Importantly, in studies wherein tick surveillance depends on community engagement, there is a bias towards individuals who decide to participate versus those that discard the tick in disgust. Further public awareness on the usefulness of the approach through social media and rapid feedback of results are factors expected to increase the number of ticks reported in the upcoming tick seasons. Finally, the positive experience with the Tekenscanner app in the Netherlands has created opportunities to continue and launch the app as part of a coordinated European tick and tick-borne pathogen surveillance programme. This will include an early warning system for exotic ticks with the ultimate aim to improve control of ticks and associated diseases in companion animals.

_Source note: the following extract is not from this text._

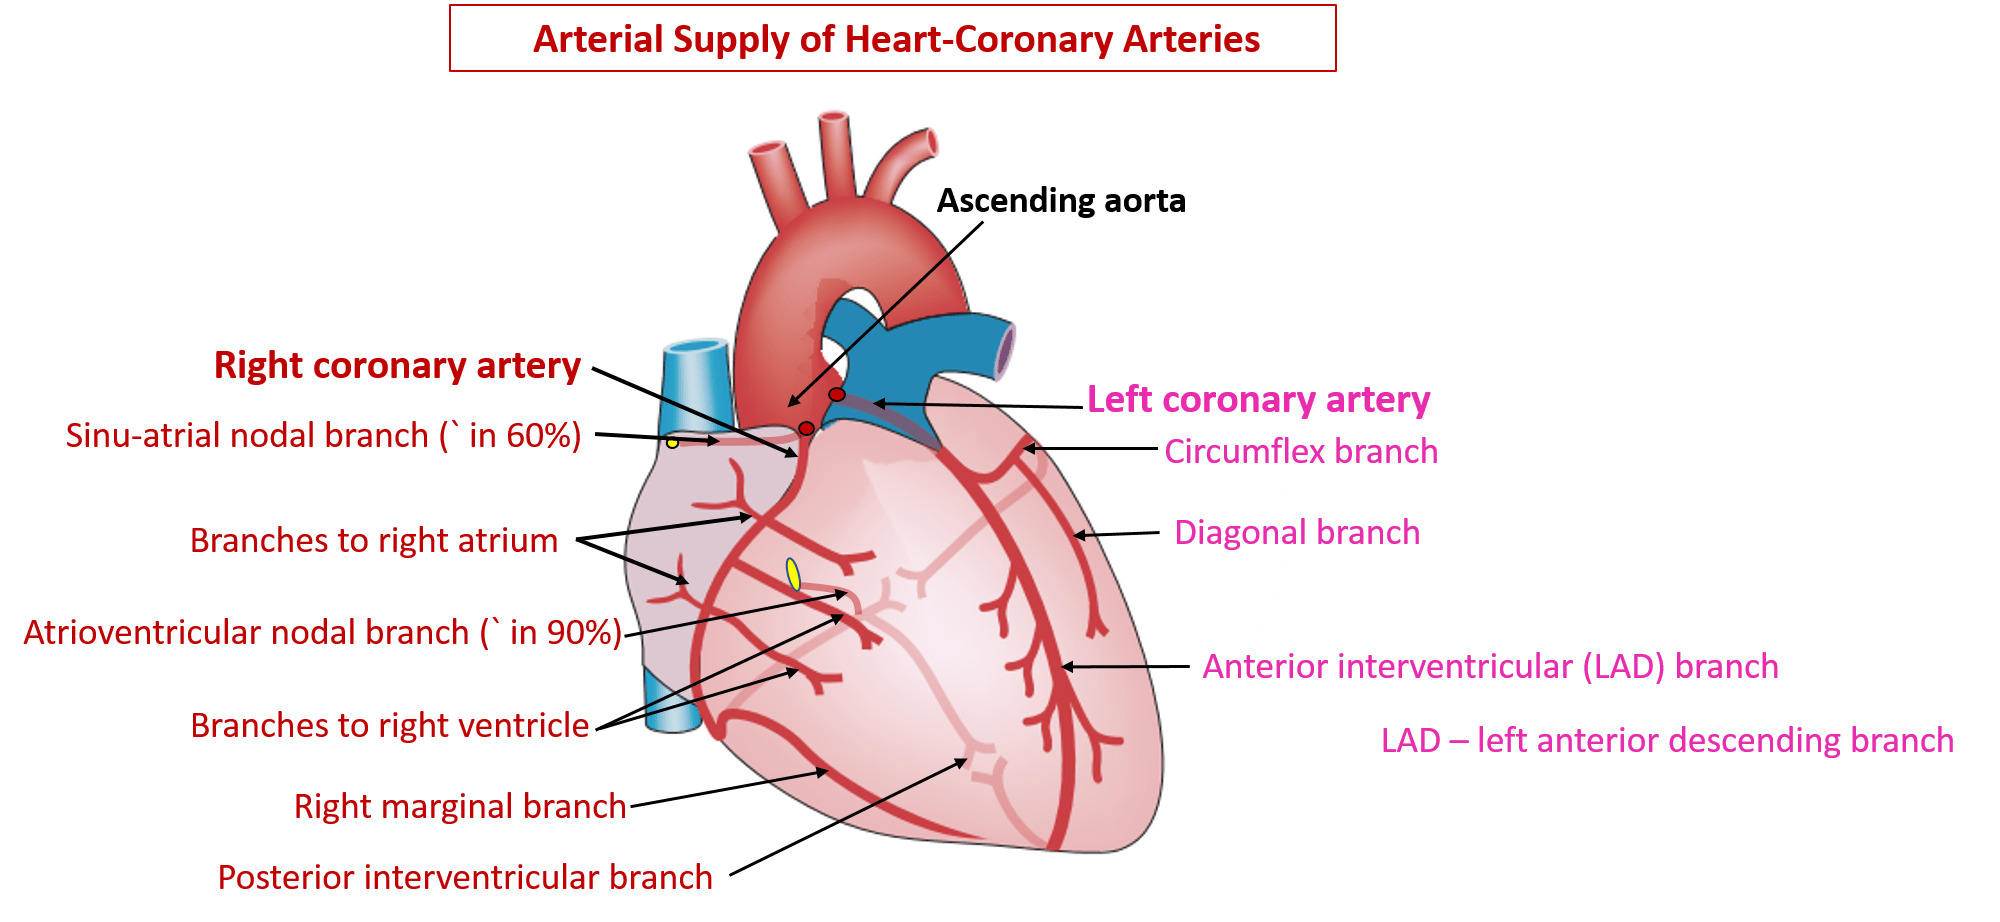 Blood Supply and Conducting System of Heart
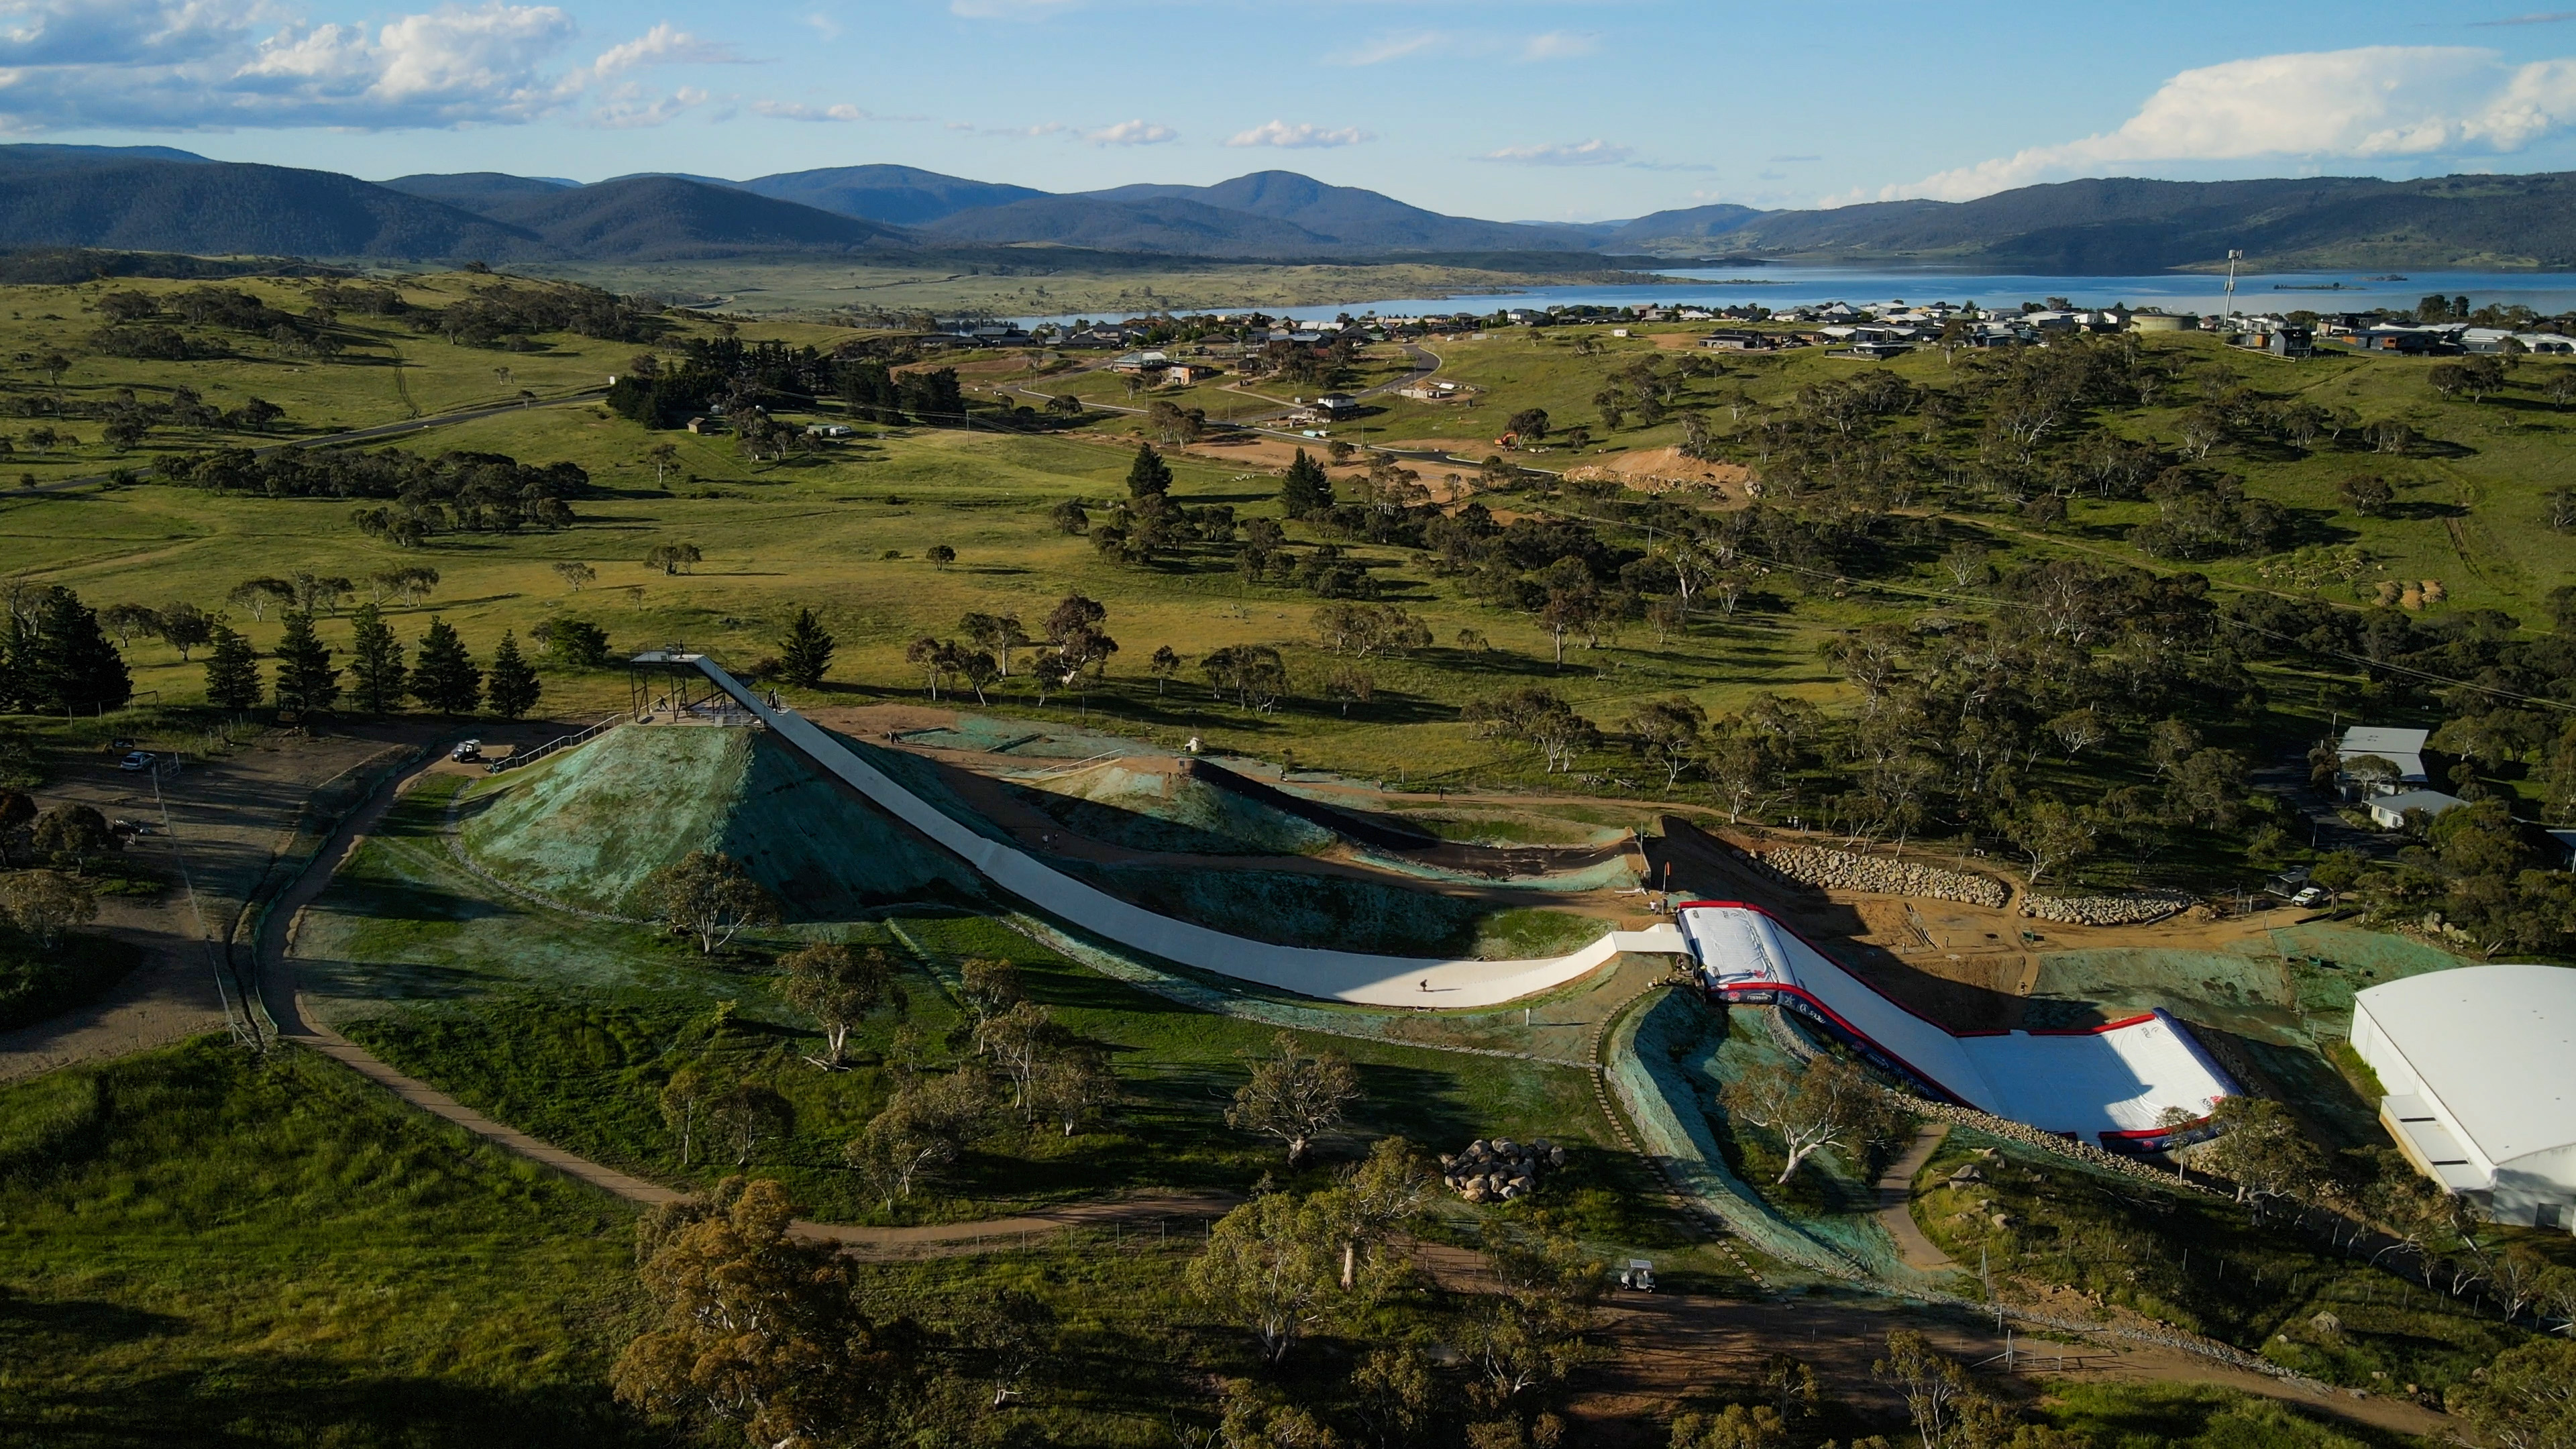 Snow Australia received a grant for rubberised flooring and gym equipment for National Snowsports Training Centre in Jindabyne

The launch of the tekenscanner app stimulated companion animal owners to operate our tick and tick-borne pathogen surveillance programme. Feedback of the results into the app was formatted as a map of ticks in the Netherlands. The Dutch tick fauna is dominated by I. ricinus, which is prevalent throughout the country, whereas I. hexagonus is more restricted. Dermacentor reticulatus is continuing its spread into novel areas, which justifies year-round tick control measures, in particular, because adult D. reticulatus are active outside the regular tick season dominated by I. ricinus ticks. Our preliminary findings concur with those published a decade ago and confirm that a broad spectrum of tick-borne pathogens is established in the Netherlands, including several zoonotic pathogens.